**** INPUT MATERIAL ****

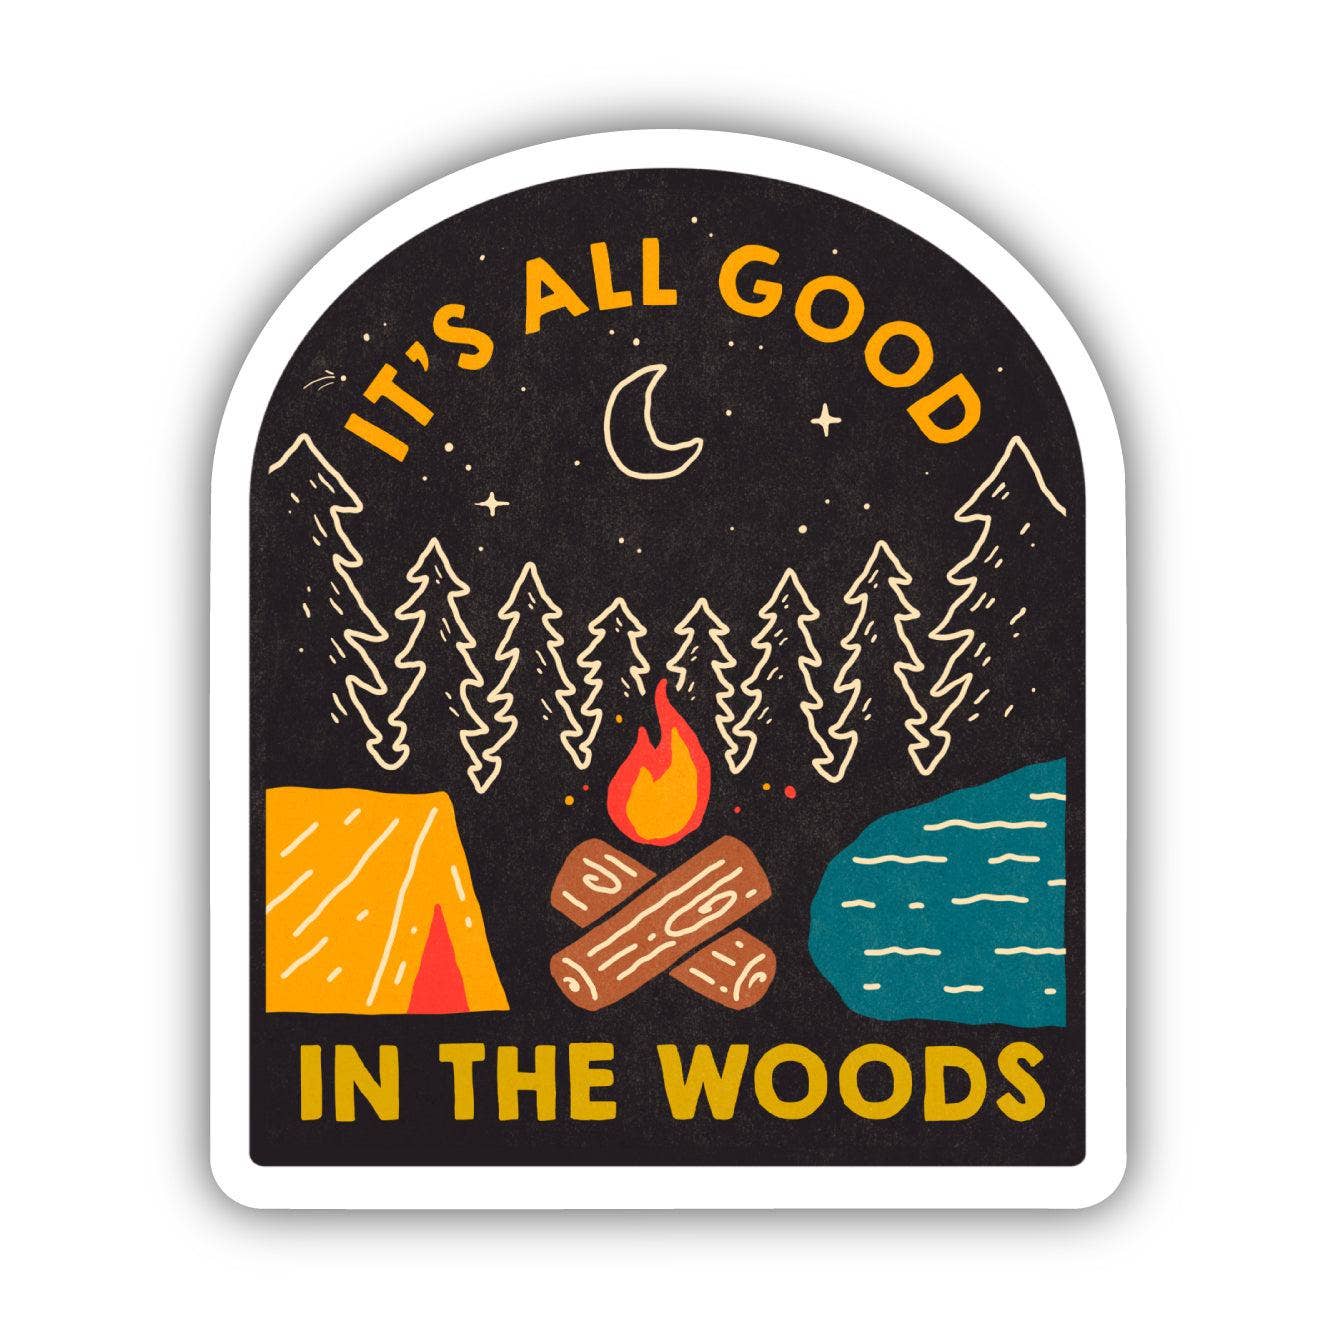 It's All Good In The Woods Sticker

****
**** INPUT MATERIAL ****

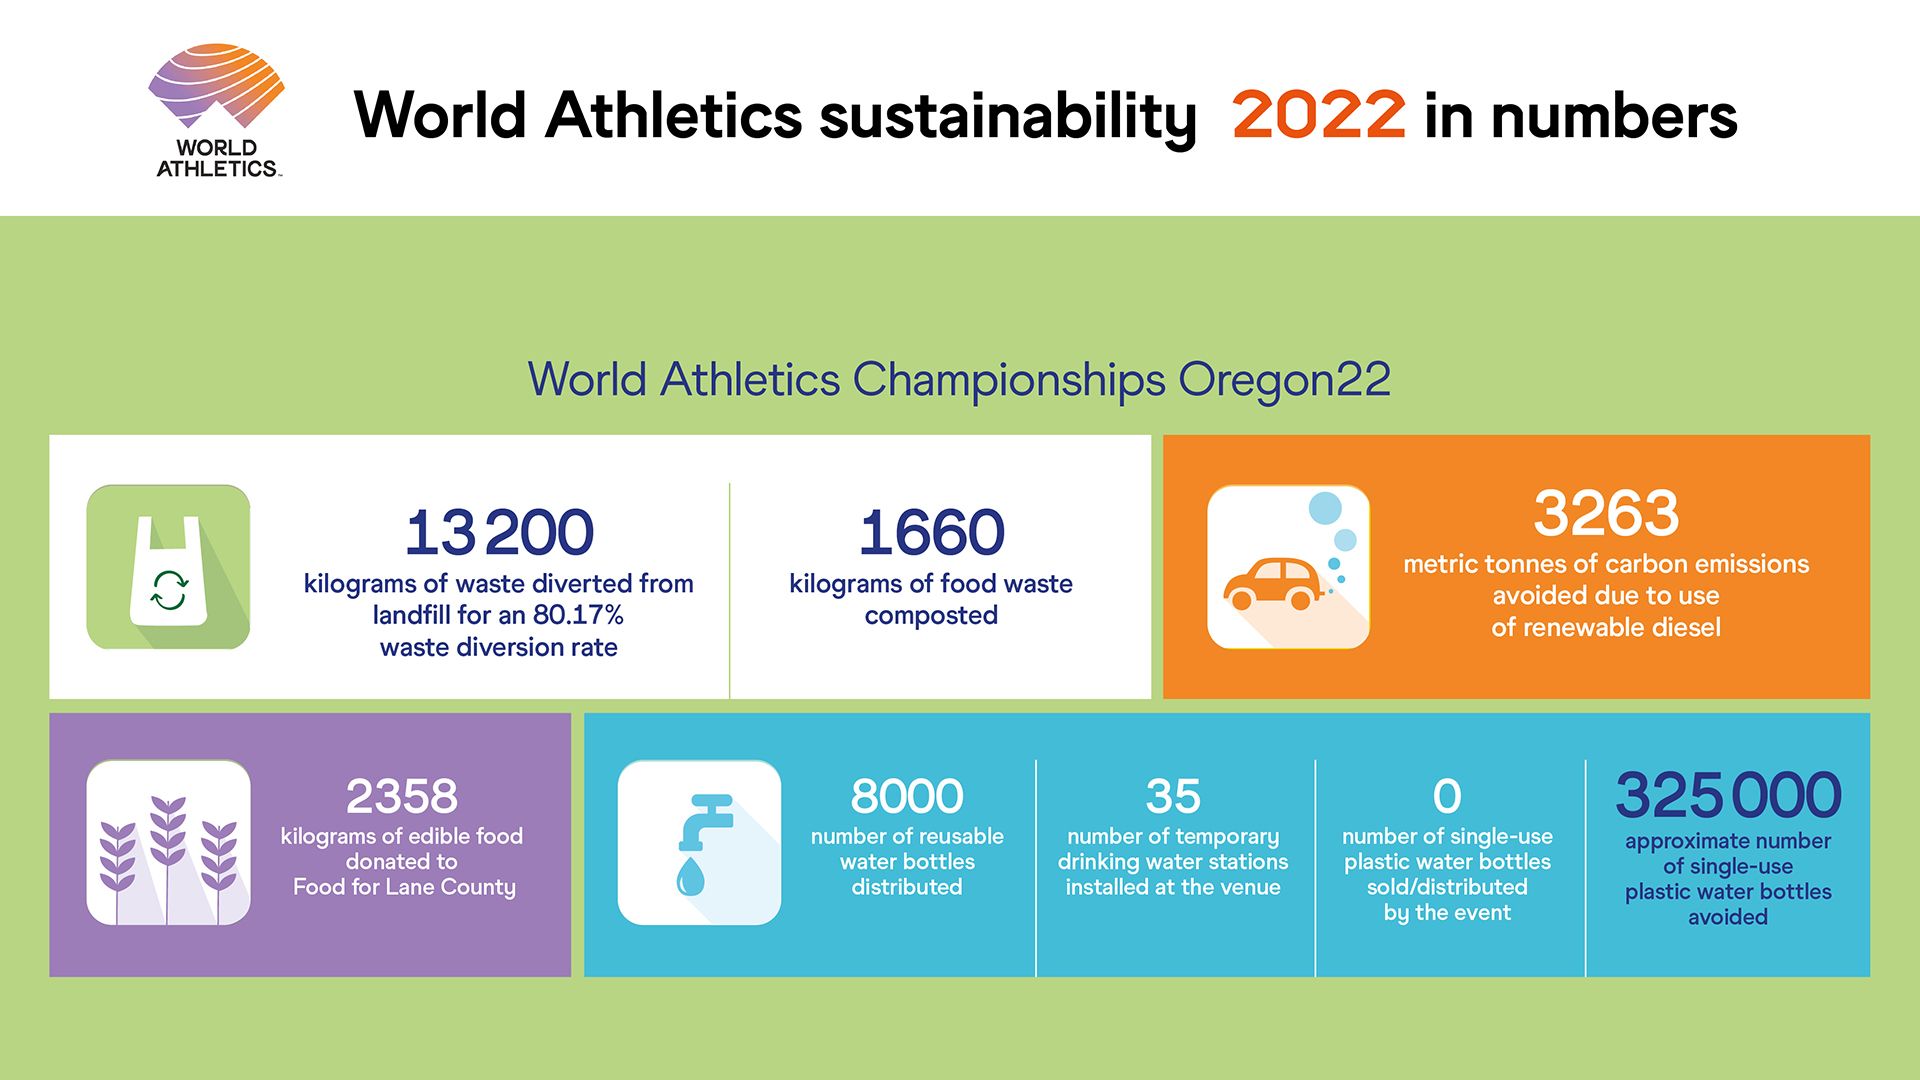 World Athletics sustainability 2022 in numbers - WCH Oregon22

****
**** INPUT MATERIAL ****

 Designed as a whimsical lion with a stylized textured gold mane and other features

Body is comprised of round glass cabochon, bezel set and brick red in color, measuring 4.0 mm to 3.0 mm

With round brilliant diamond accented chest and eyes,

****

A complete answer gives every line of the records holding "round".

Body is comprised of round glass cabochon, bezel set and brick red in color, measuring 4.0 mm to 3.0 mm
With round brilliant diamond accented chest and eyes,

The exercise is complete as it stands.